Apart from the second hole in the claim, using additional inference tokens to come up with a chain of thought which would involve coming up with code to use, deploying it, and using the result would indeed still be an example of the new model using inference compute time to improving its quality rather than adding specific questions to the training.

TZubiri · on Sept 14, 2024

I think you are confused about what thread you are in.

Have you read the original article?

Here's a quote:

"I added this to Mimi's system prompt:

If you are asked to count the number of letters in a word, do it by writing a python program and run it with code_interpreter."

This article was released before o1, it's not the topic. The solution was just adding a system prompt and executing the python script generated, in order to solve the strawberry problem. It wasn't solved by increasing compute time, unless you count the inference from the extra system prompt tokens.

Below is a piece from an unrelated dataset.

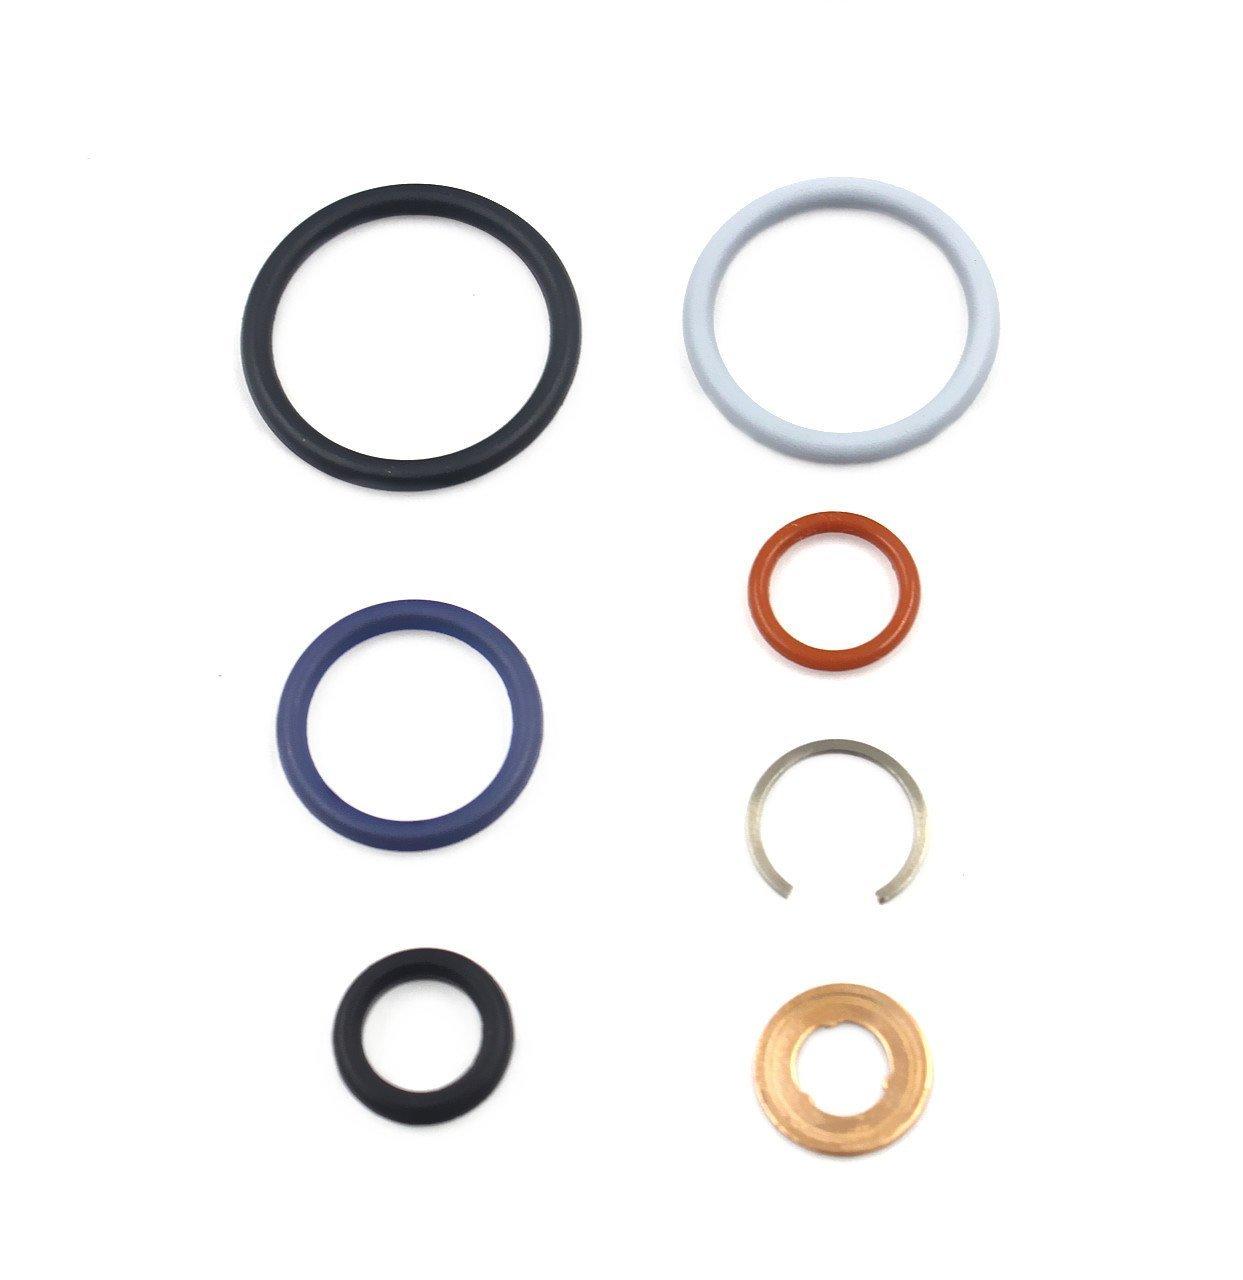 DEF AP0002 G2.8 Injector Seal Kit for Ford Powerstroke 4.5L LCF 2006-2010 6.0L 2003-2010 6.0L Navistar 2002.5-2010 3C3Z9229AA CM5055 1843682C91 Set of 1

zamadatix · on Sept 15, 2024

Er, yes - I read the original article... which is how I know "This article was released before o1, it's not the topic" is false on both count. The first paragraph of said article lays that out:

> Recently OpenAI announced their model codenamed "strawberry" as OpenAI o1. One of the main things that has been hyped up for months with this model is the ability to solve the "strawberry problem". This is one of those rare problems that's trivial for a human to do correctly, but almost impossible for large language models to solve in their current forms. Surely with this being the main focus of their model, OpenAI would add a "fast path" or something to the training data to make that exact thing work as expected, right?

and is preceded by a date, 09/13/2024, which is the same day this HN thread was created. o1 was announced and released the day prior to both.

TZubiri · on Sept 16, 2024

You are right.

Please note that strawberry-mimi is the model I was referring to.

zamadatix · on Sept 17, 2024

All good, hopefully my original question about Strawberry makes more sense now.